Without including any images, repeat the data exactly.

===== Source data

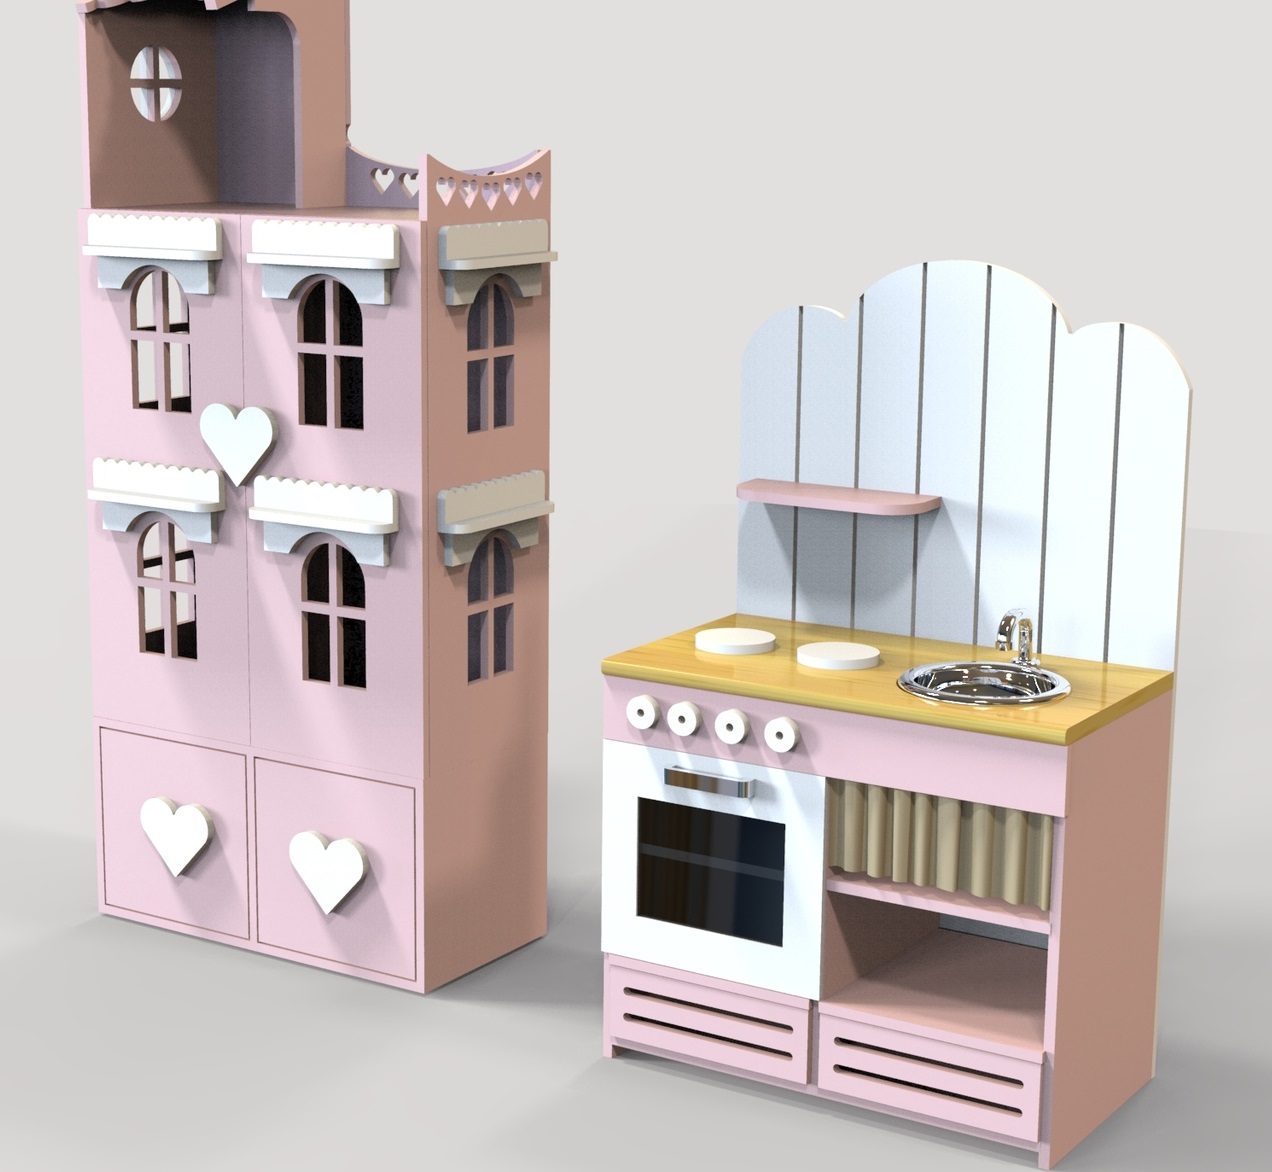 Maison de poupée découpée au laser et cuisine miniature
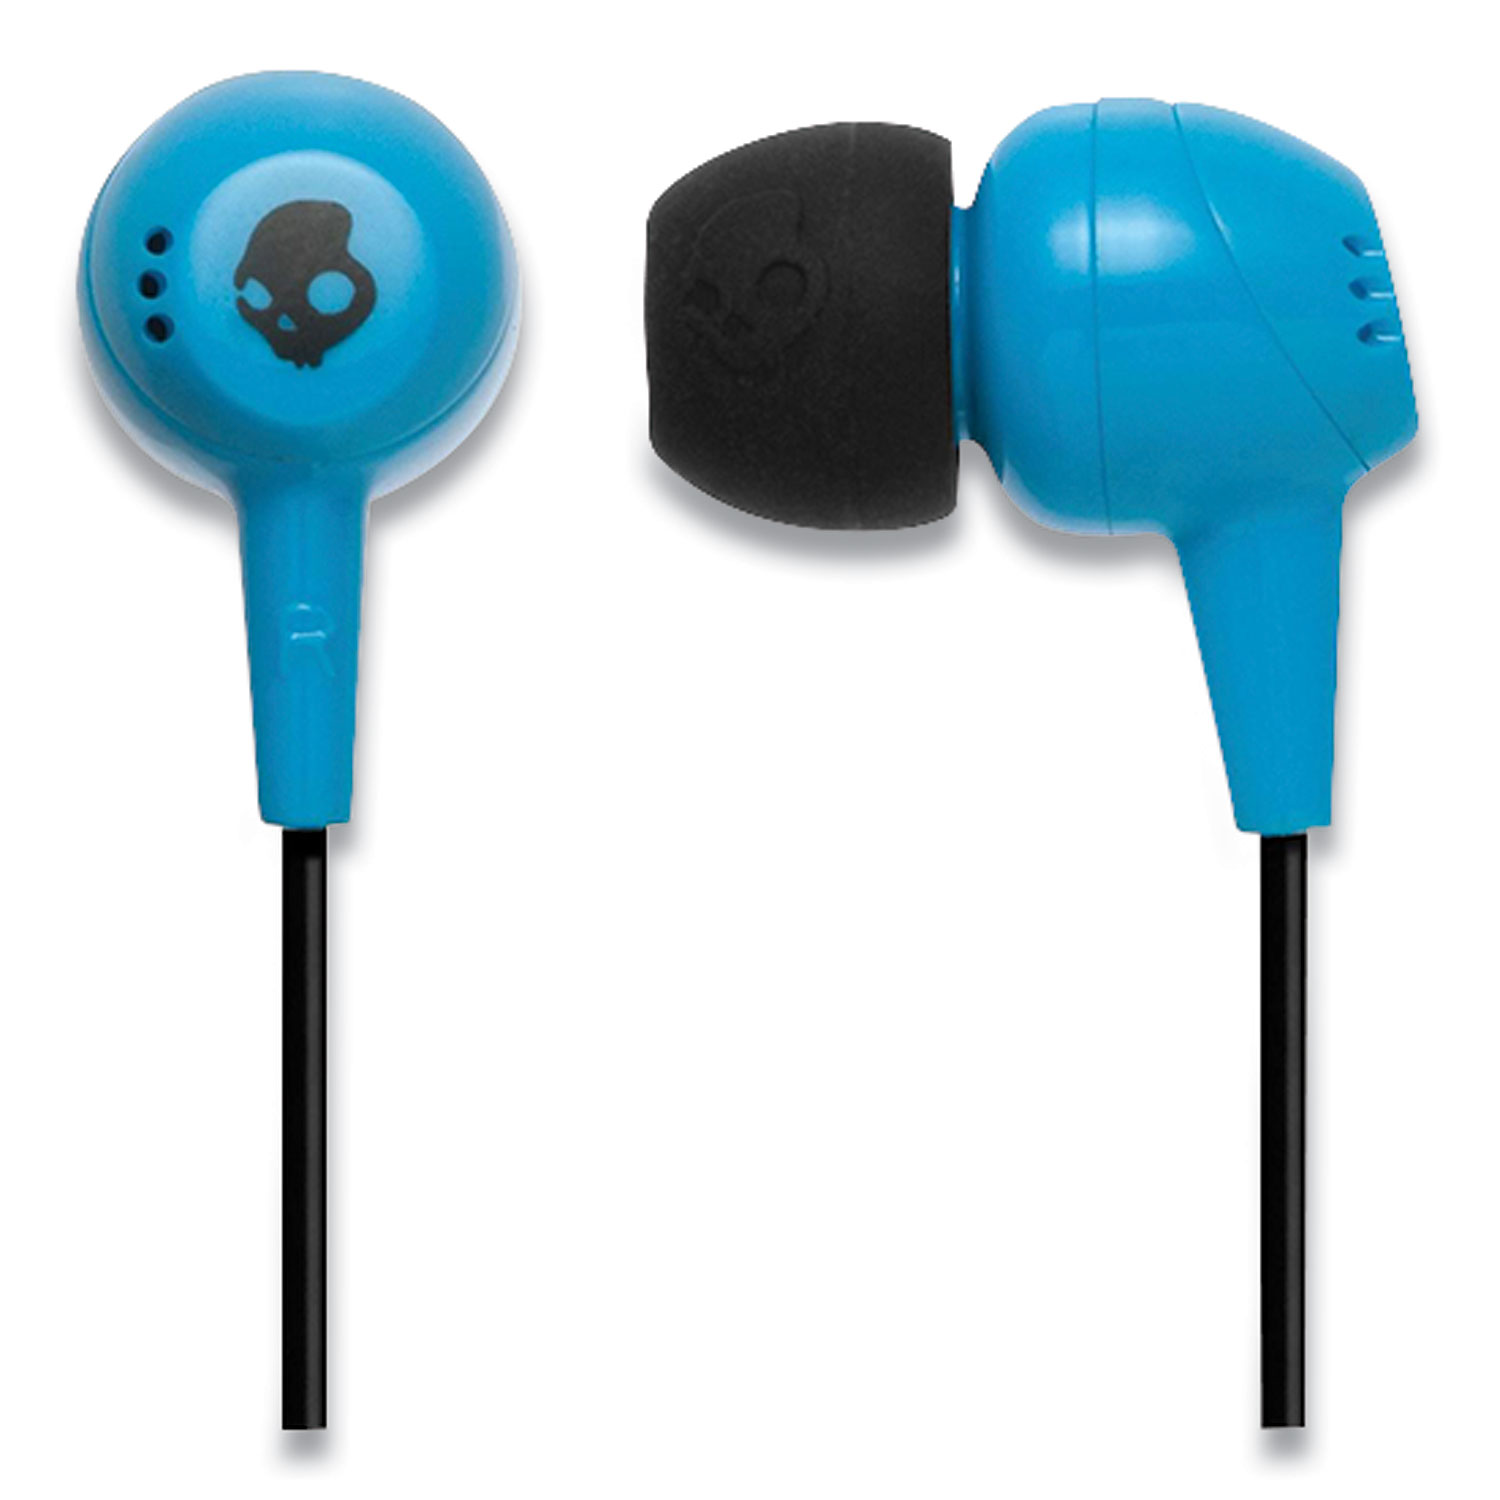  Skullcandy S2DUDZ-012 Jib In-Ear Headphones, Blue (SKA321118) 
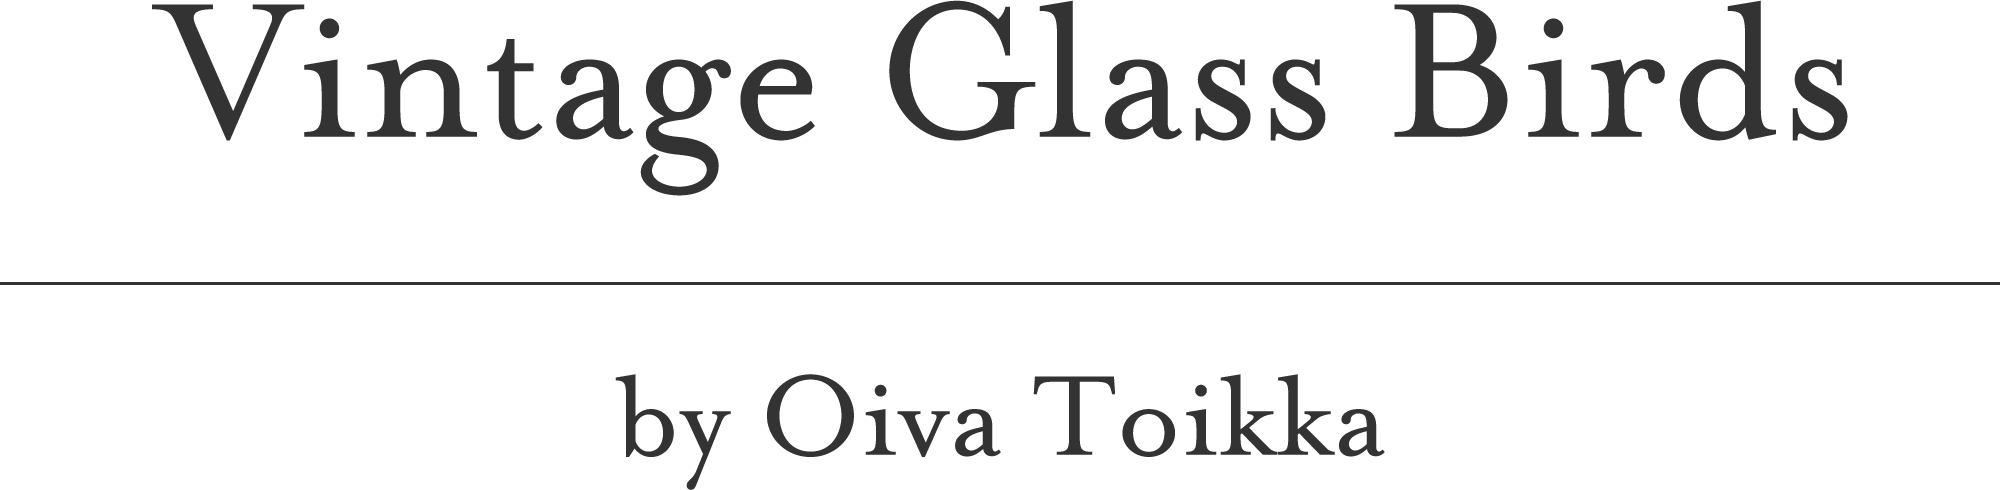 Vintage Glass Birds by Oiva Toikka

==========

_Response area_.
 Maison de poupée découpée au laser et cuisine miniature
  Skullcandy S2DUDZ-012 Jib In-Ear Headphones, Blue (SKA321118) 
 Vintage Glass Birds by Oiva Toikka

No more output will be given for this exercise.